Purpose: Oxidative damage and inflammation are expected to be involved in age-related functional decline of lachrymal gland, that induces lachrymal dysfunction; this resulting in dry eye disease. Therefore, we investigated the potential antioxidant effect of 0.2% xanthan gum (XNT) in human corneal epithelial cells (HCE), in comparison with other widely used tear substitute polymers, such as 0.2% hydroxyethylcellulose (HEC), 0.2% hyaluronic acid (HA) and 0.5% carboxymethylcellulose (CMC).
Methods: Subconfluent (80%) HCE (Human Corneal Epithelial) cultures were treated with the different polysaccharides at the above reported concentrations. The effect of every polymer was investigated with and without 0.5 mM H2O2 In detail, hydrogen peroxide was added 1 hour after the addition of polysaccharides. Twelve hours later, reactive oxygen species (ROS) production (dichlorofluorescein diacetate spectrofluorimetric test) was assessed and their values were normalized versus protein content. Morphological analysis was performed by optical microscopy.
Results: No morphological differences in HCE compared to control cells (CTRL, cells treated with the buffer used for polymer solubilization) were observed in any of the tested polymers, whereas, in the presence of 0.5 mM H2O2 HCE clearly showed signs of cytotoxicity. Polymers did protect cultures from oxidative stress with XNT>HA = HEC>CMC, as evidenced by microscopic analysis. These results were confirmed from ROS measurements, which showed XNT as the only polysaccharide to restore the levels of ROS comparable to CTRL, in presence of H2O2.

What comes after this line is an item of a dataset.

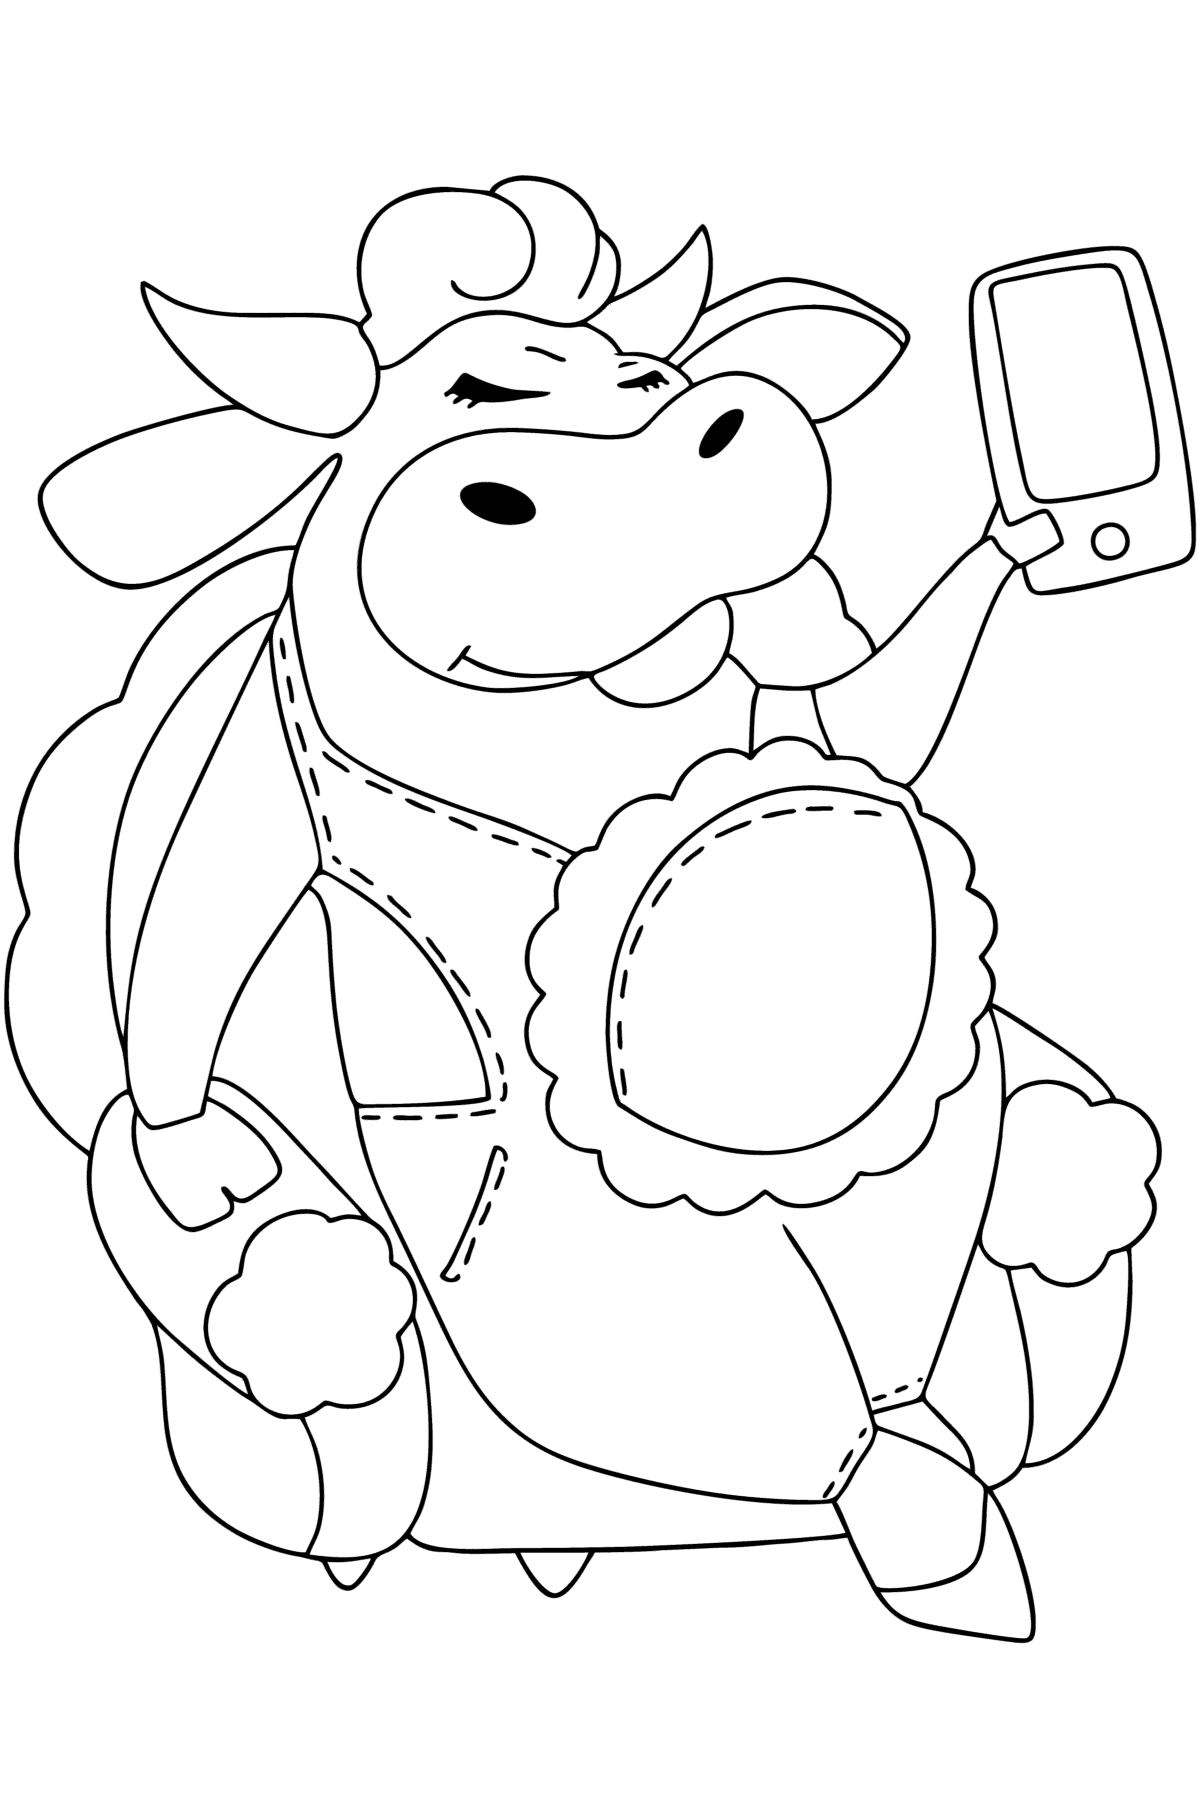 Забавная корова раскраска - Картинки для Детей

Conclusions: 0.2% xanthan gum was able to protect HCE by oxidative stress, bringing the ROS level down to CTRL values. Considering that in dry eye syndrome oxidative stress sustains inflammation and apoptotic cell death, the use of xanthan gum in ophthalmic preparations could be beneficial.
Keywords: Antioxidant effect; dry-eye; human corneal epithelial; oxidative stress; xanthan gum.